Supplied material –
====
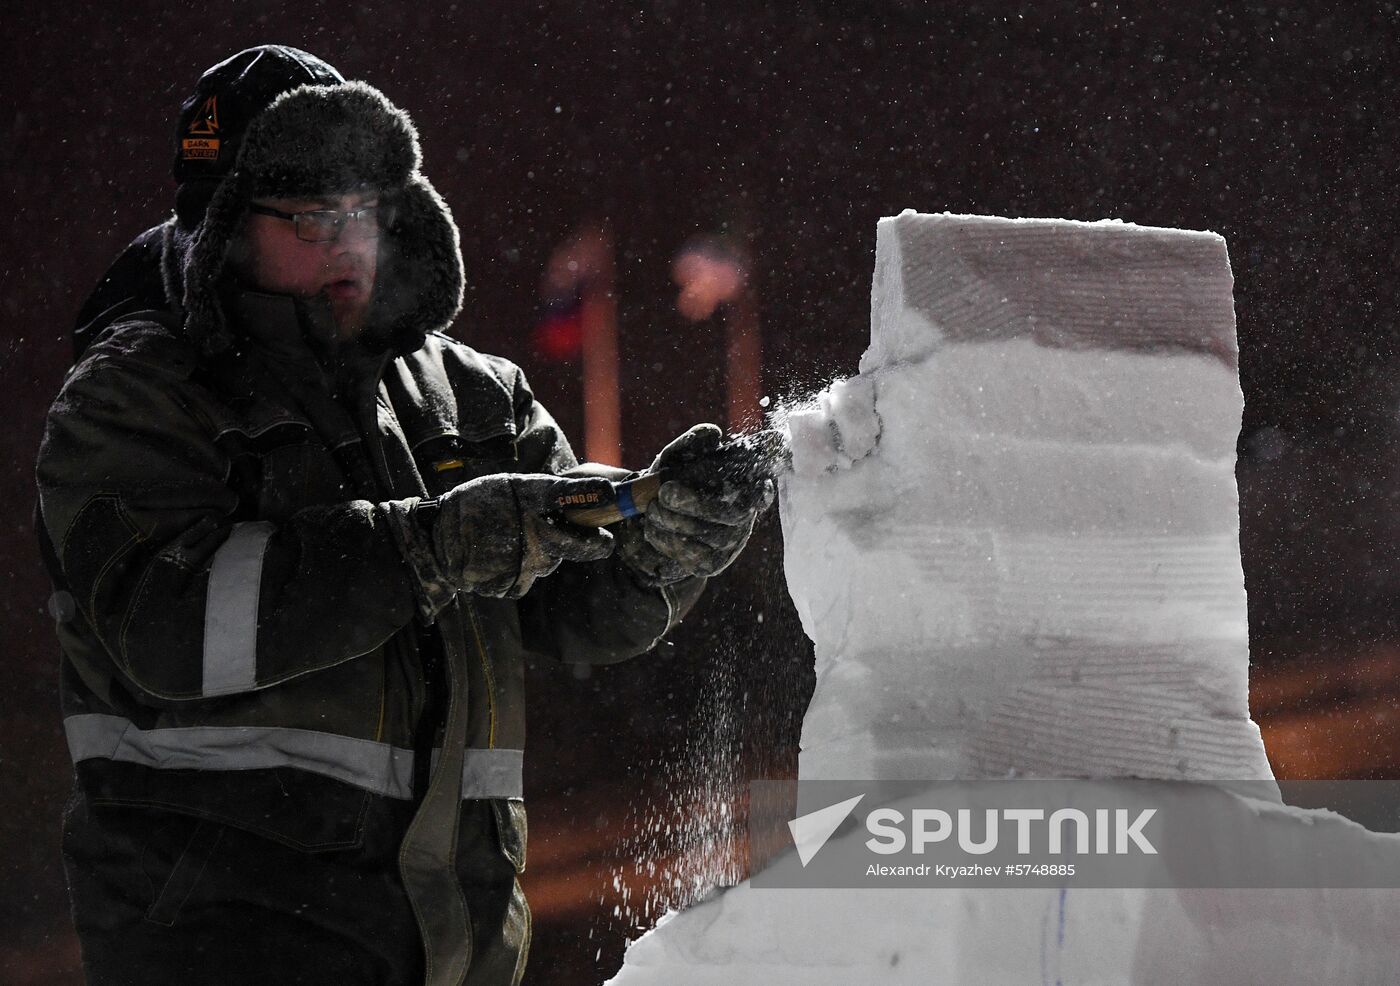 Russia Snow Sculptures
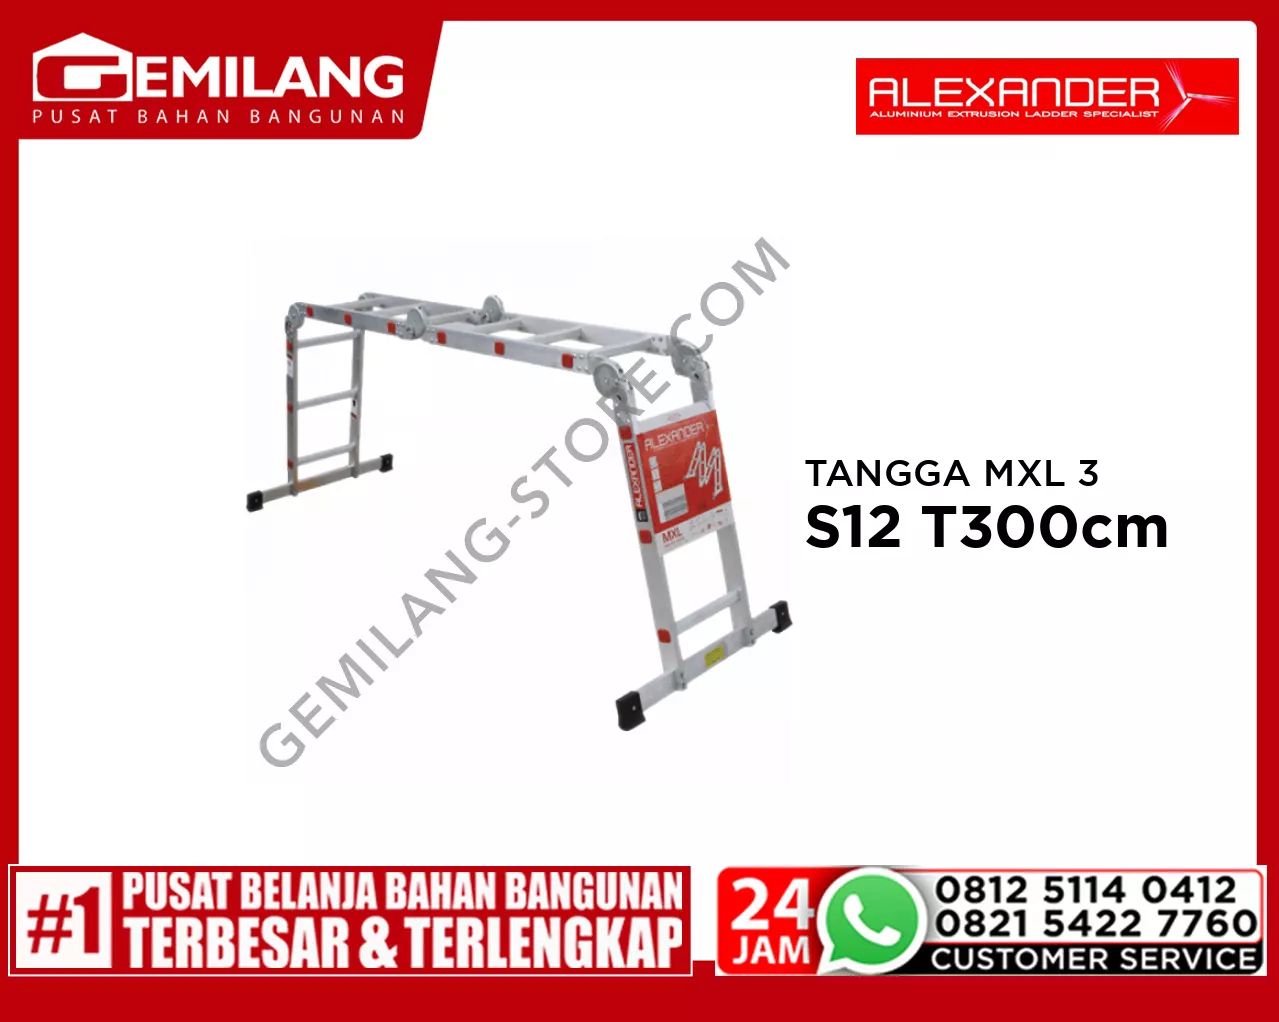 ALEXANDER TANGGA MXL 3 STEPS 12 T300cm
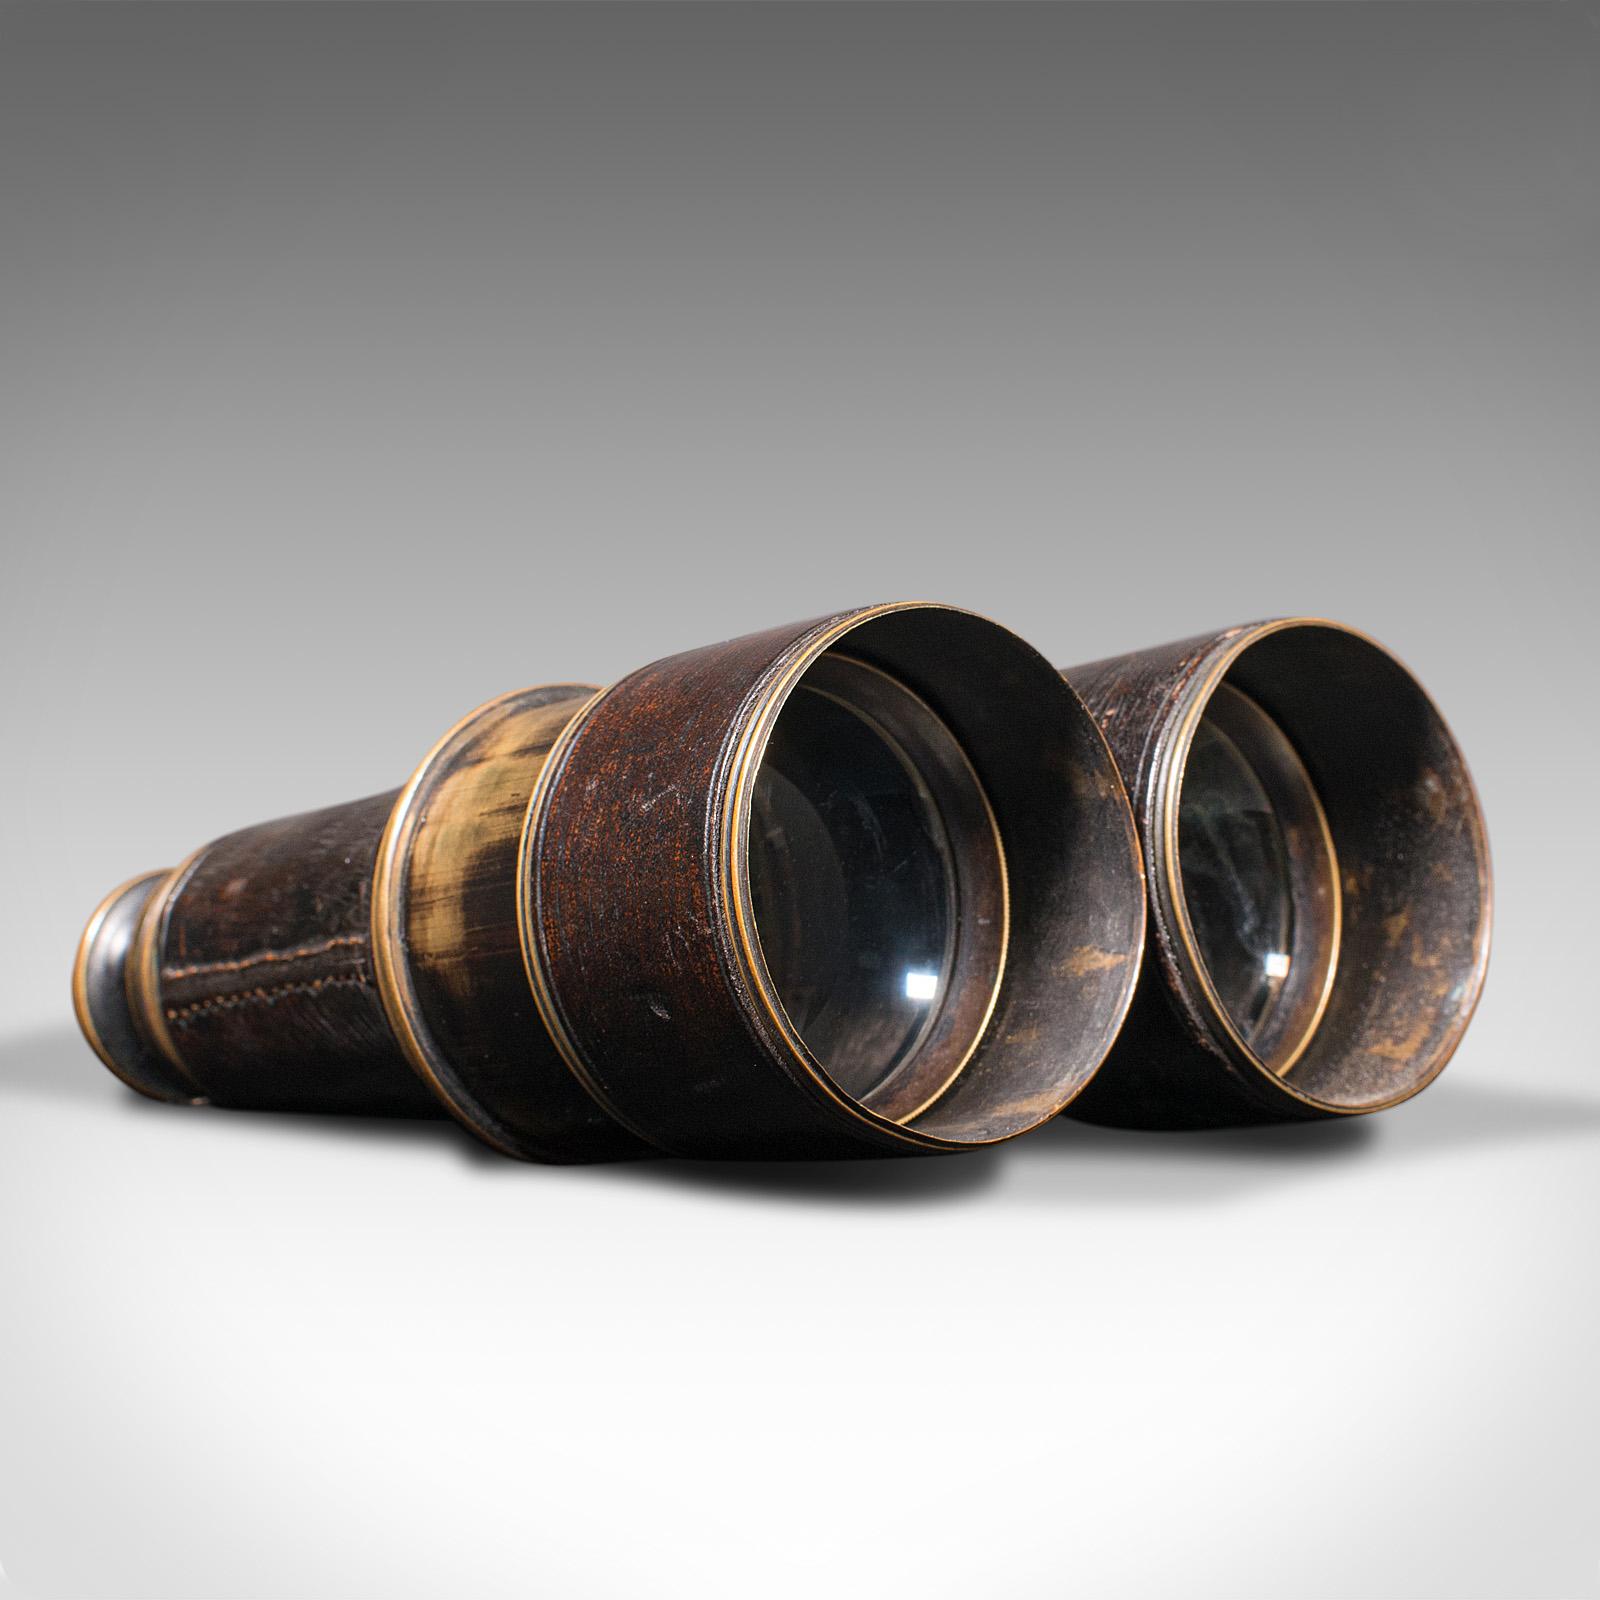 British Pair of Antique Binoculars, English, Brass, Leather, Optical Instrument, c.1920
====
Take the line that holds "ALEXANDER TANGGA MXL 3 STEPS 12 T300cm" as the start and the last line of the data as the end. Copy only those lines exactly, both ends included, except the pictures.

Answer for this exercise –
 ALEXANDER TANGGA MXL 3 STEPS 12 T300cm
 British Pair of Antique Binoculars, English, Brass, Leather, Optical Instrument, c.1920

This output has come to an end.